Project A: Data Source Quality
As a student of, or a new professional working in, data science, you will not always be collecting new primary data. It’s just as important to be able to locate, critically evaluate, and properly clean existing sources of secondary data. (Collecting and Preparing Data will cover the topic of data collection and cleaning in more detail.)
Some reputable government data sources are:
Data.gov
Bureau of Labor Statistics (BLS)
National Oceanic and Atmospheric Administration (NOAA)

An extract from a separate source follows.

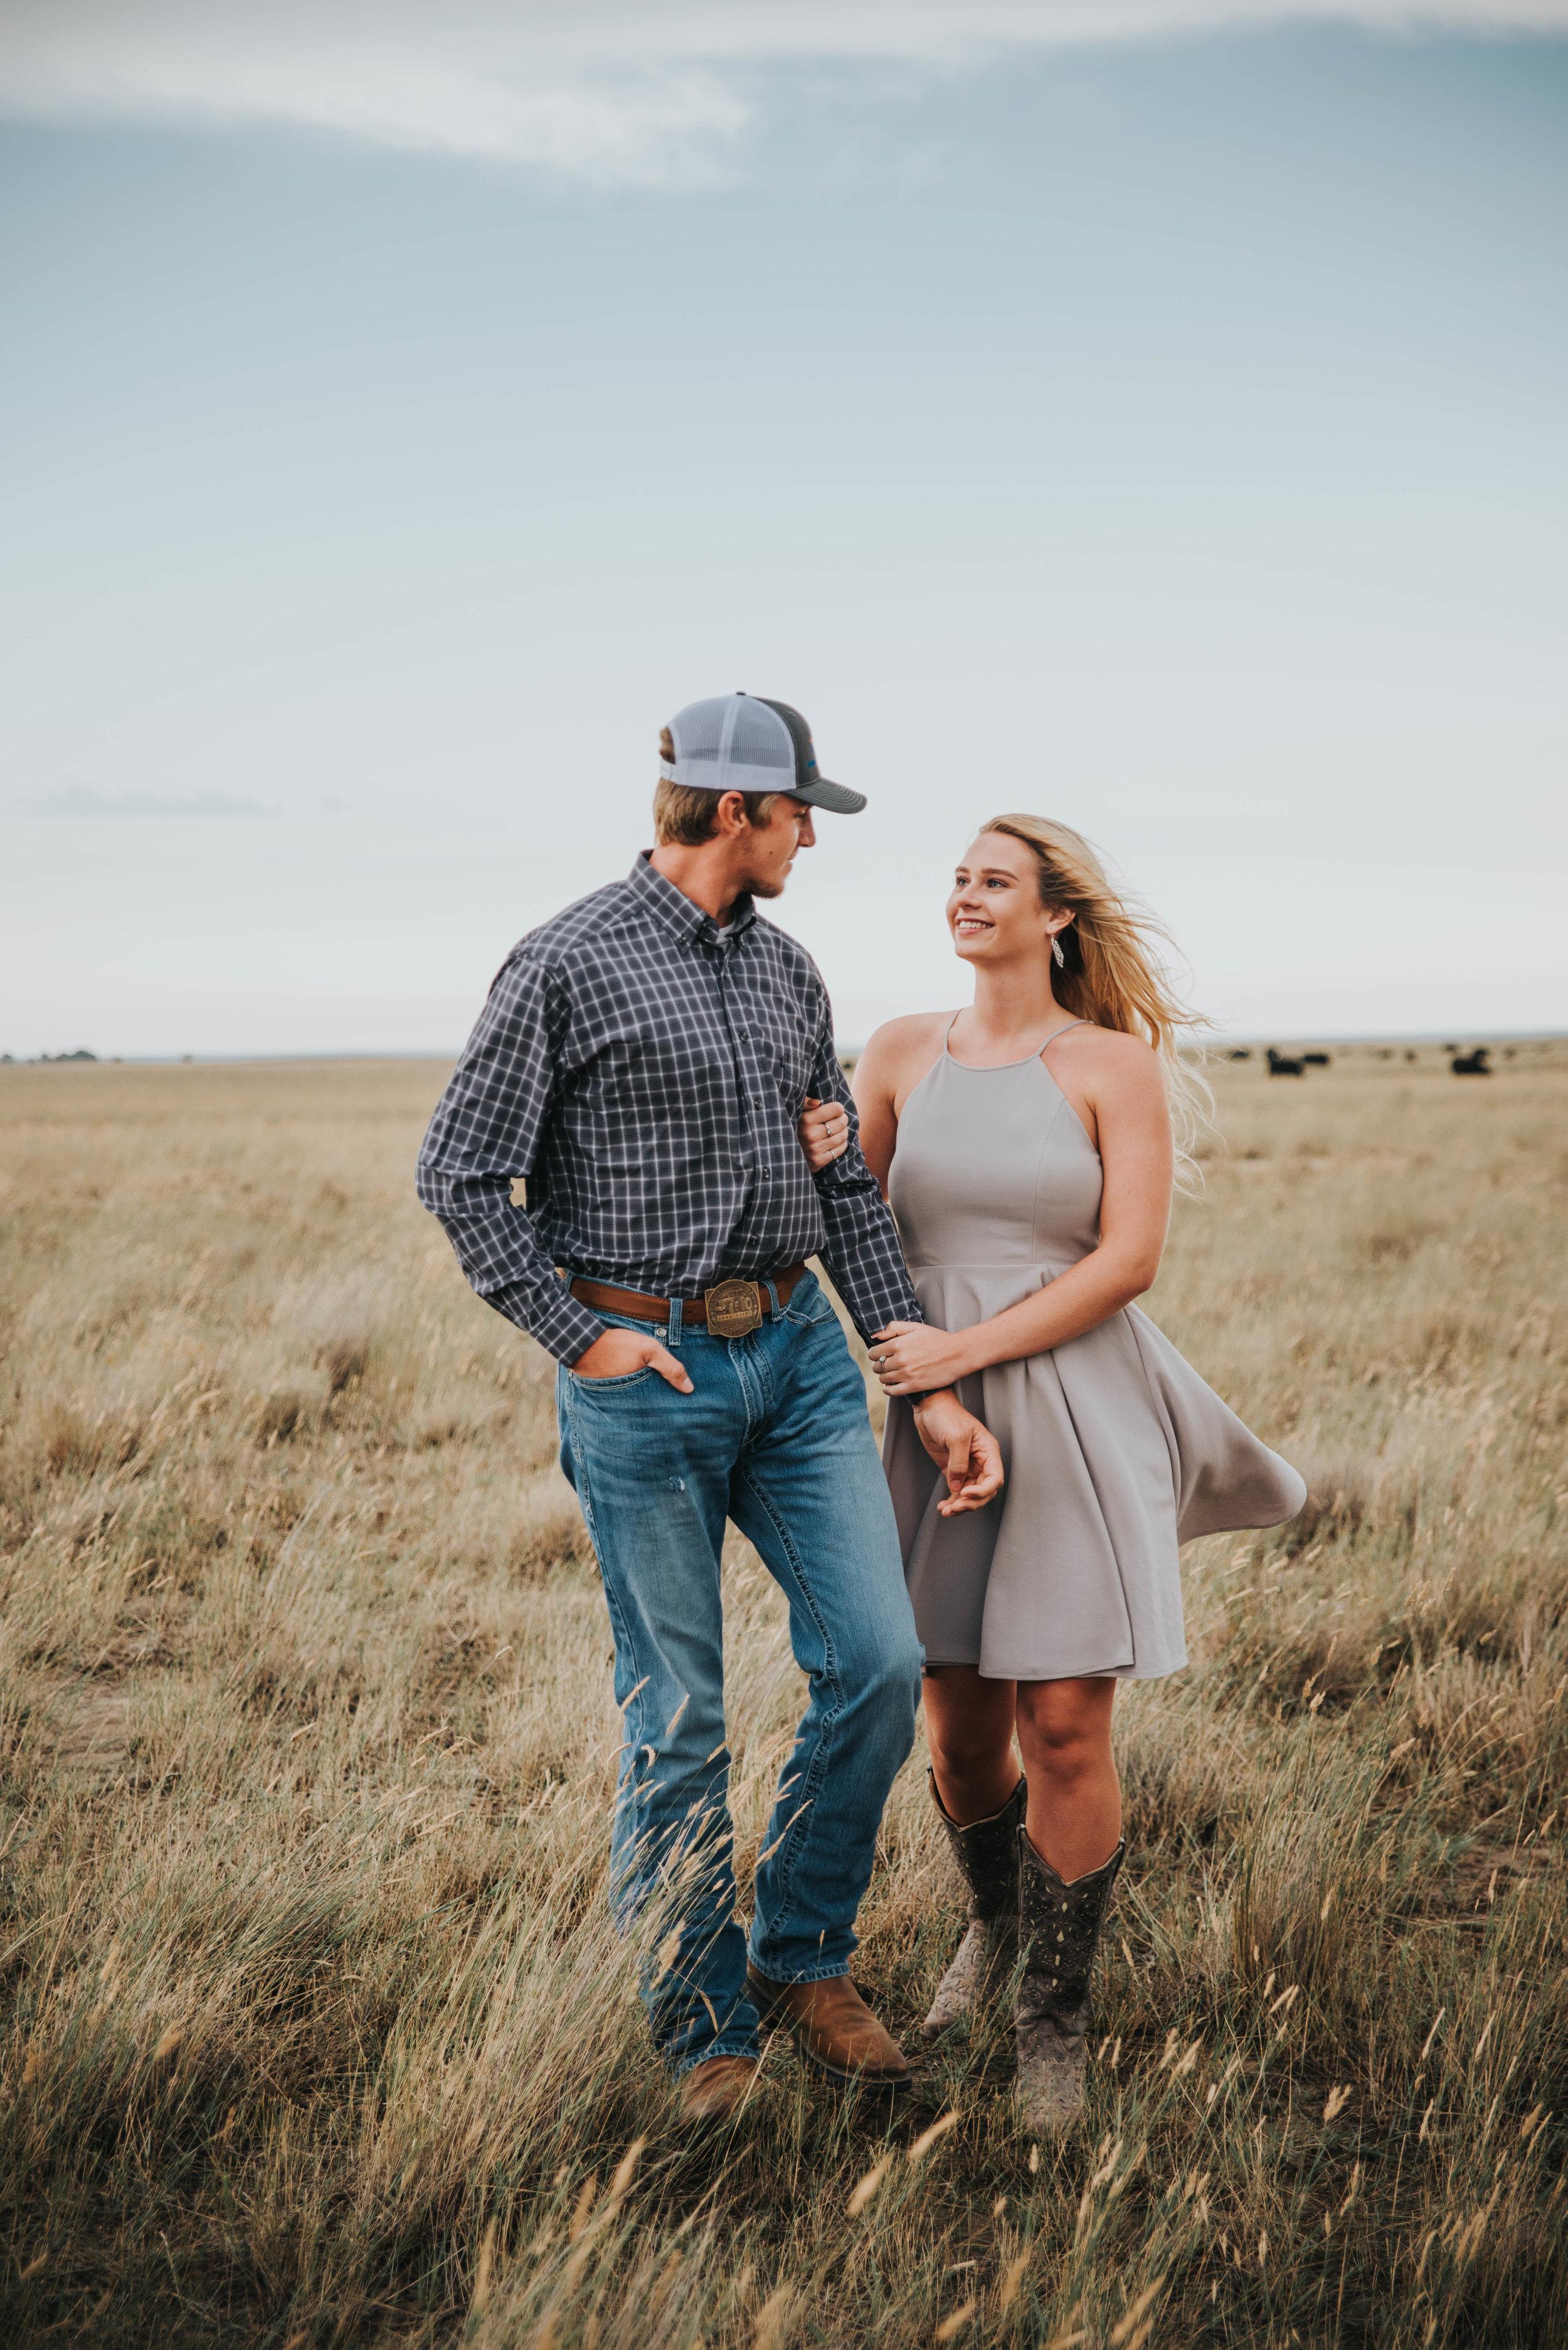 Miss. Miller's Photography | Colorado Wedding Photographer | Buckskin Bride | Western Engagement Photos | Country Engagement Photos | Country couples poses | Colorado Photographer | Looks Like Film | LuLus dresses | Ariat Jeans | Western Couple | Country Couple | Couples Photos | Engagement Inspiration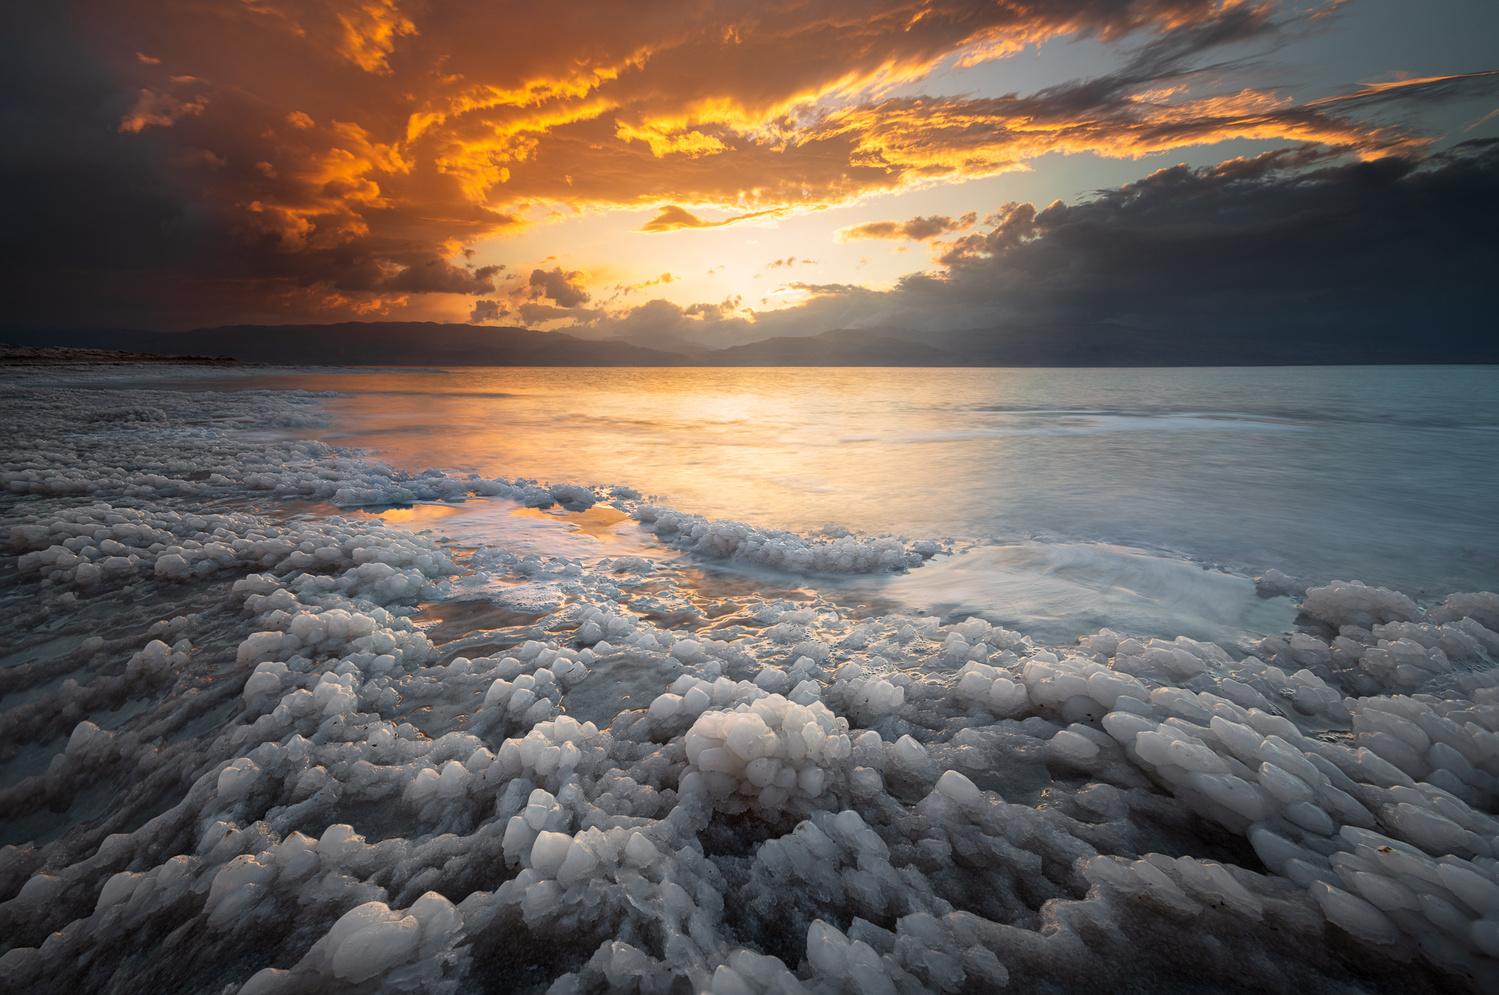 Lines in the Salt by Idan Livni

Some reputable nongovernment data sources are:
Kaggle
Statista
Pew Research Center
Using the suggested sources or similar-quality sources that you research on the Internet, find two to three datasets about the field or industry in which you intend to work. (You might also try to determine whether similar data sets are available at the national, state/province, and local/city levels.) In a group, formulate a specific, typical policy issue or business decision that managers in these organizations might make. For the datasets you found, compare and contrast their size, collection methods, types of data, update frequency and recency, and relevance to the decision question you have identified.
Project B: Data Visualization
Using one of the data sources mentioned in the previous project, find a dataset that interests you. Download it as a CSV file. Use Python to read in the CSV file as a Pandas
DataFrame. As a group, think of a specific question that might be addressed using this dataset, discuss which features of the data seem most important to answer your question, and then use the Python libraries Pandas
and Matplotlib
to select the features and make graphs that might help to answer your question about the data. Note, you will learn many sophisticated techniques for doing data analysis in later chapters, but for this project, you should stick to simply isolating some data and visualizing it using the tools present in this chapter. Write a brief report on your findings.
Project C: Privacy, Ethics, and Bias
Identify at least one example from recent current events or news articles that is related to each of the following themes (starting references given in parentheses):
- Privacy concerns related to data collection (See the Protecting Personal Privacy website of the U.S. Government Accountability Office.)
- Ethics concerns related to data collection, including fair use of copyrighted materials (See the U.S. Copyright Office guidelines.)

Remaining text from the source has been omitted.